Hikers in Thoreau’s mold, believing “it is far more independent to travel on foot,”

can follow his ascent and descent by using the system of trails and shelters maintained by the Appalachian Mountain Club and the U. S. Forest Service. The four of us opt to take the toll road up and a trail down,into Tuckerman Ravine where Thoreau camped. His party had a number of mishaps here, including a campfire that burned sev­eral acres of forest. The hikers today use por­table stoves; open fires are forbidden. Other good places for hiking in are European cities like Barcelona, Amsterdam, Edinburgh, where you can find cheap apartments in barcelona, apartments in amsterdam or edinburgh accommodation.

 

At Baxter State Park in Maine, a Tho­reauvian philosophy rules Mount Katahdin. The park’s donor, Governor Percival Baxter, left strict deeds of trust, as park supervisor Buzz Caverly explains: “Wilder­ness was more important to the governor than recreation, so we firmly restrict our number of visitors.” The park has 200,000 acres of forest and mountains, but only 1,000 campers can stay overnight. Reserva­tions are prepaid, facilities remain rustic. Daily use by cars is limited, and the same goes for mountain trails; when a parking lot is full, that trail is closed to hikers.

 

Up on Katandin the effects of these poli­cies are clear: The mountain seems un­crowded; I saw no sign of garbage or carved initials. Smaller groups of people also tend to help each other.
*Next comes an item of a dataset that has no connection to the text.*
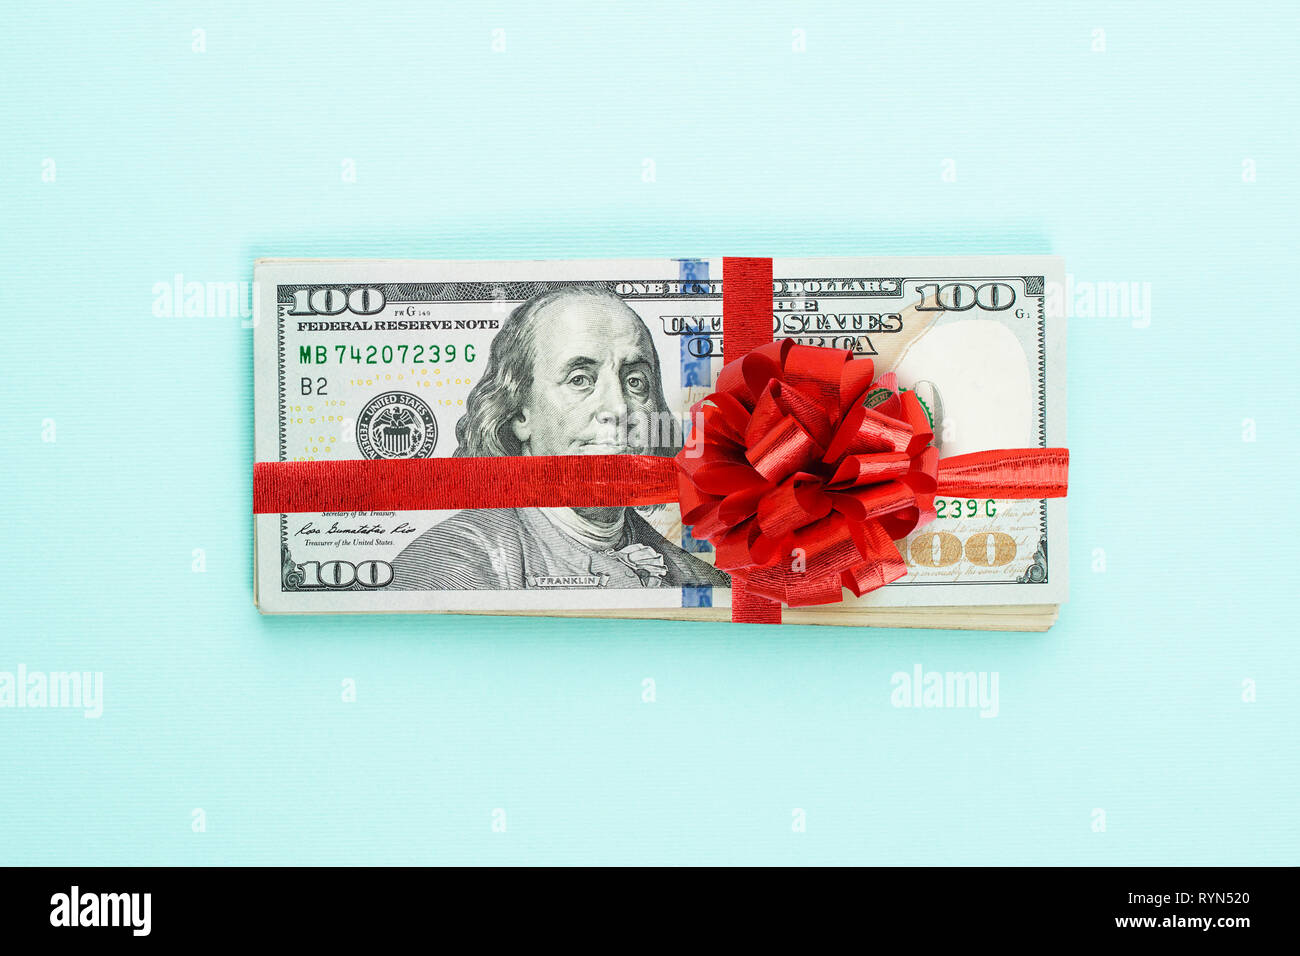 US Dollar Geld Bargeld mit rotem Band und Bogen auf blauem Hintergrund. 100 amerikanische Dollar banknote Geschenk gewinn Konzept Stockfoto

Our family party climbs the Abol Trail, a steep three-mile hike that follows a great landslide of loose stone and gravel. We start with empty canteens, expecting to fill them at streams. But they are dry: For months Maine has had almost no rain. We struggle over boulders, as big as automobiles, that Thoreau said were “the raw materials of a planet.” Other hikers offer sips from their canteens, then encourage us to look for wa­ter on the upper plateau.

Mount Washington

There we find deep, clear pools beneath the rocks and tall grass. People stop to rest Thoreau, a Different Man and talk, sharing the day’s adventure. Jenny and Jeff lend out their drinking cups; in a side pool Bonnie soaks her tired feet. Going on to the summit alone, I pass a sign that identifies this oasis: Thoreau Spring.

Zagreb – the city of museums
3:15 pm | October 6, 2012

Author: Mark Hummel | Category: Travel | Comments: None

Zagreb is the capital and largest city in Croatia. It is also economic, cultural, political and administrative center of Croatia. Very good geographic position provides an excellent connection for traffic between Adriatic Sea and the Central Europe.
Zagreb

Because of the most museums per square meter of urban areas – Zagreb is also called as a city of museum.

Some of the most important and attractive museums are: The Archaeological Museum – consisting about 450,000 monuments  and varied archaeological artifacts, Technical Museum, Modern, Mimara Museum…
The Archaeological Museum
Zagreb is also an important tourist center. If you’re visiting Zagreb for the first time here are my picks for Zagreb’s must-see attractions: Zagreb’s cathedral, the Upper Town – Kaptol and Gradec, ,the Croatian Nationak Theatre in Zagreb, Stone Gate, the Funicular, Zrinjevac – beautiful park, Ban Josip Jelaćić square, St. Mark’s square…
Zagreb Cathedral

If You’re looking for Zagreb accommodation there are many private apartments, world famous hotels, villas and  rooms for rent.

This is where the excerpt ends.